Luck finding a sailboat, I made the transition many years ago and now have rebuilt an old Prout 31 catamaran which is front of our home, love this boat. Guy on next canal can't get a buyer for his catamaran however, but this is off subject. Well not, sailors never get far from their first love.

posted on Nov, 26 2013 @ 07:31 PM
I don't know so much about whales evolving on the land and turning marine. The evidence strongly looks like the other way around ,with all the beachings around the World. Looks like they are in a hurry to grow legs to me.

edit on 26-11-2013 by 13th Zodiac because: (no reason given)

posted on Nov, 26 2013 @ 07:32 PM
Aside from being a little bit envious that you are in the market for a new boat (I couldn't possibly consider such a thing, but would love to), I'm fascinated with a story like this.

It has crossed my mind a few times in the past, just how could it have been that dolphins, whales and other such creatures, 'returned' to the sea, after being land animals.

The very idea that an animal decided to take to the waters again, after life originally crawled from the sea all those millions of years ago, is amazing.

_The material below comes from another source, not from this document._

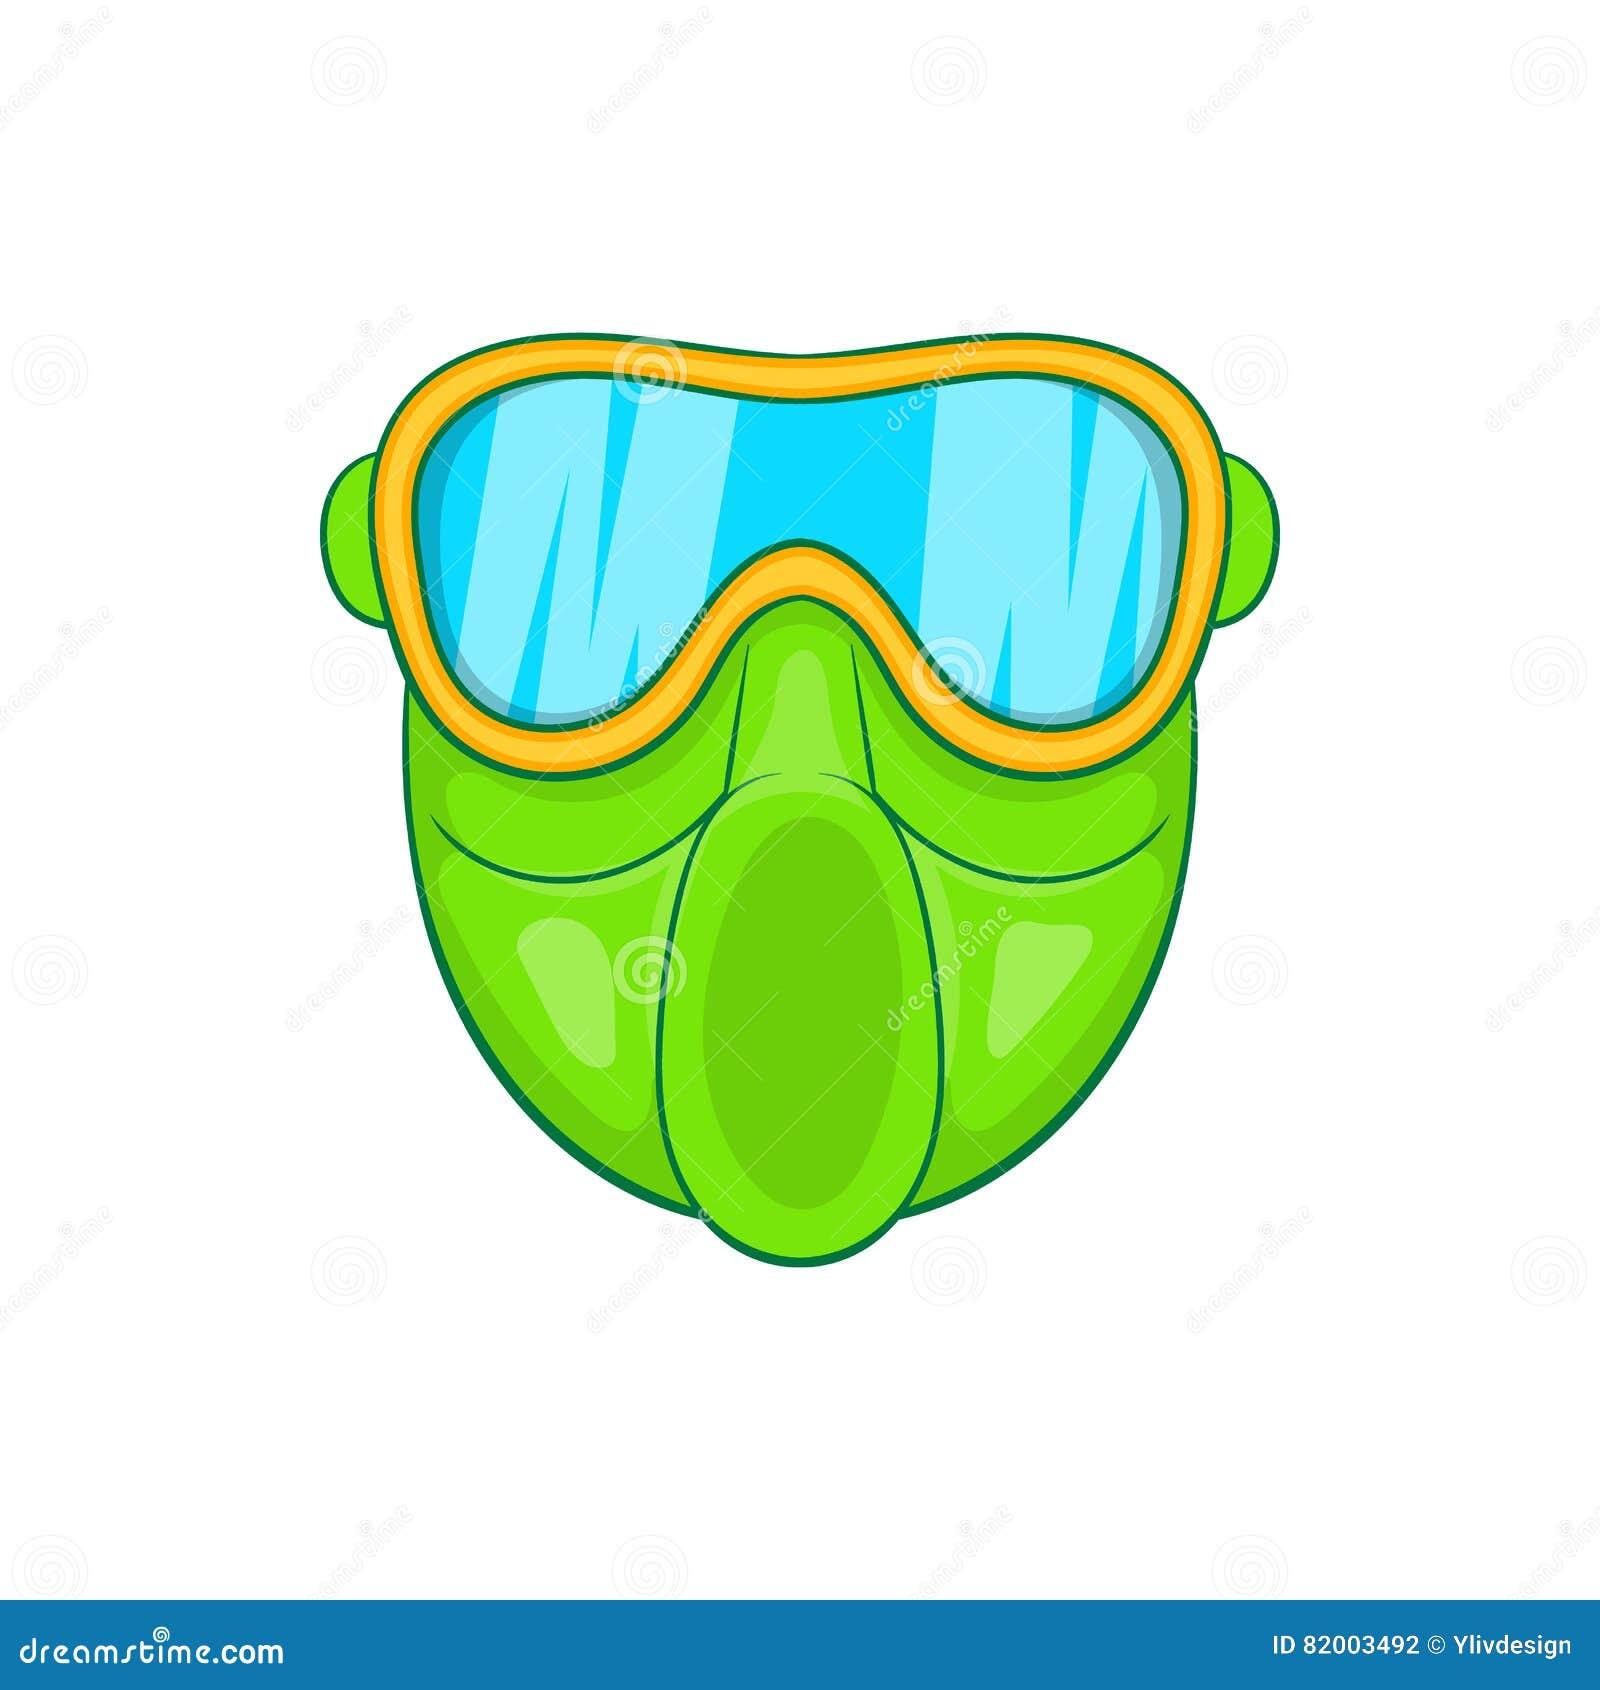 Icône verte de masque de paintball, style de bande dessinée

Life, developing to live on land, evolving then evolving to live back in the seas is certainly fascinating.

It would be great to learn more about the land animals that these present day creatures evolved from. What did they eat, where did they live, did they live in the vicinity of large bodies of water, was their habitat flooded over time? Just a few of the many questions that I feel are raised by these ideas.

I'll certainly hope to learn more about this in future.

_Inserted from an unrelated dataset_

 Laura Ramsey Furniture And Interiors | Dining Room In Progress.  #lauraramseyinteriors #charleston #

Thanks for bringing it here.

posted on Nov, 26 2013 @ 08:28 PM
reply to post by dampnickers

Like you I have wondered about it myself on many ocaisons. Living in florida always seeing manatees in the canals it made me wonder how they even survived being so slow and docile then I remember they don’t have any real natural preditors except maybe when they are young that being aligators. The biggest threats to them are motor boats I always see scars on them from propelors.

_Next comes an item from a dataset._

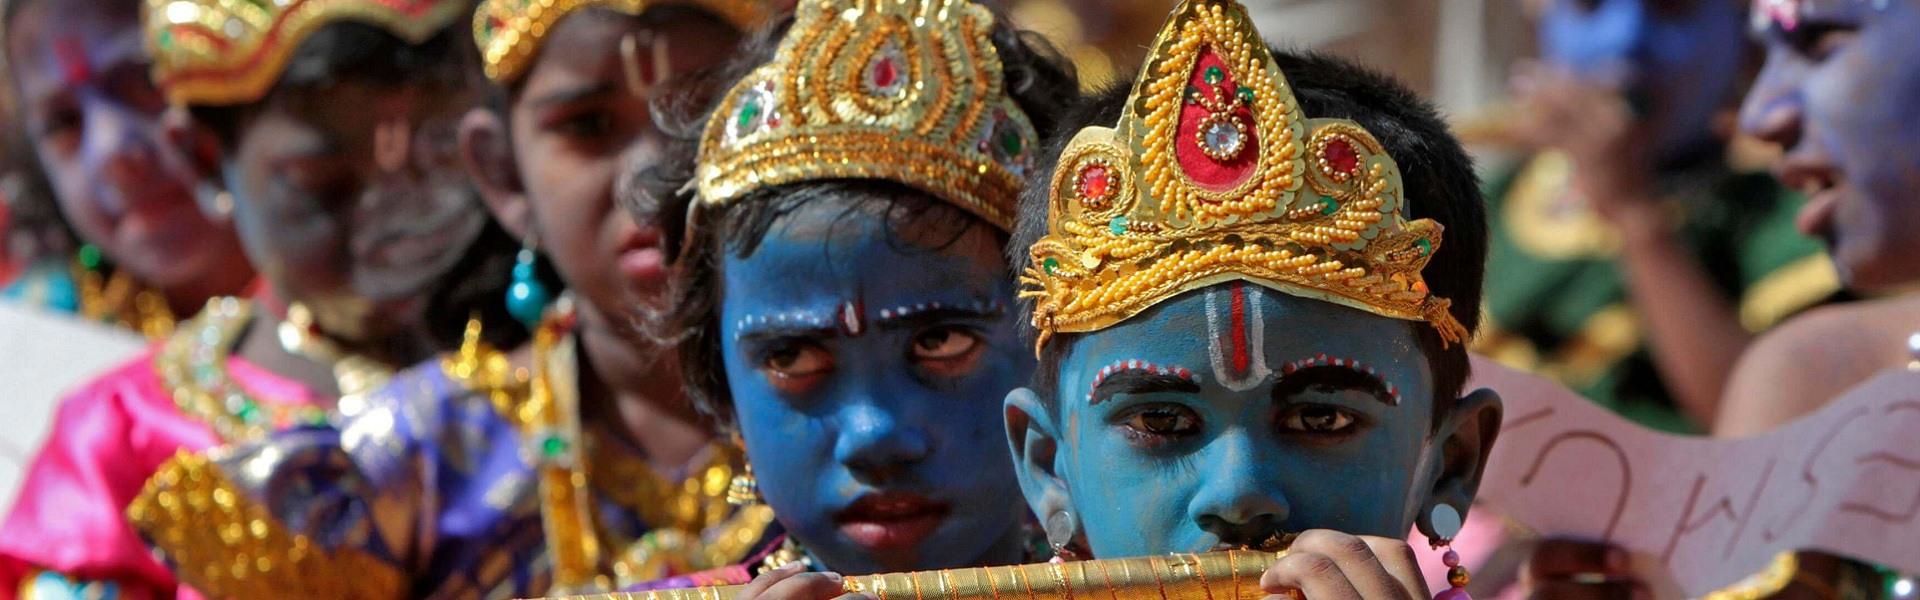 10 Delightful Festivals in August in India

Until man came in with motor boats they were not threatened by much. (Side note the first sailors here mistook them for mermaids... man they had to be drunk and hard up)

posted on Nov, 27 2013 @ 09:36 AM
reply to post by Grimpachi

I vaguely recall some folk tale or myth from South America saying whales and dolphins came out of the ocean to live on land then went back to the water. Anyone else hear of this?

Good catch btw.

posted on Nov, 27 2013 @ 09:41 AM
Evolution? If so it wasn't on earth. And the thing is, evolution seems to happen in mysterious boosts, as if there is a team with science lab doing it.....

posted on Nov, 27 2013 @ 09:47 AM
reply to post by Unity_99

posted on Nov, 27 2013 @ 10:46 AM
whales hu pengwins a bird or?? yea evolution no way lol
ever stop and think a chicken came from a bird taht could fly less then oo 6 or 8 thousand years back .
That chawwaw is a wolf ((you can tell by how they love biting ankles lol
nope evolution cant possibly be real no evedence . lol

posted on Nov, 27 2013 @ 11:14 AM
reply to post by midnightstar

Chicken or egg …..evidence points to T-Rex of course creationist recreations say otherwise I saw one when I was a kid it even had a theme song.

An adolescent female Tyrannosaurus rex died 68 million years ago, but its bones still contain intact soft tissue, including the oldest preserved proteins ever found, scientists say.

And a comparison of the protein's chemical structure to a slew of other species showed an evolutionary link between T. rex and chickens, bolstering the idea that birds evolved from dinosaurs.

live science

posted on Nov, 27 2013 @ 11:17 AM
reply to post by dampnickers

It has crossed my mind a few times in the past, just how could it have been that dolphins, whales and other such creatures, 'returned' to the sea, after being land animals.

A vast area of dry ground slowly turning into saltmarsh and wetland. Diminished habitat and livelihood resources available to the terrestrial quadrupeds that inhabit the area. They must adapt or die out. So natural selection in that region features waders over walkers, swimmers over waders. Over time the mutations add up.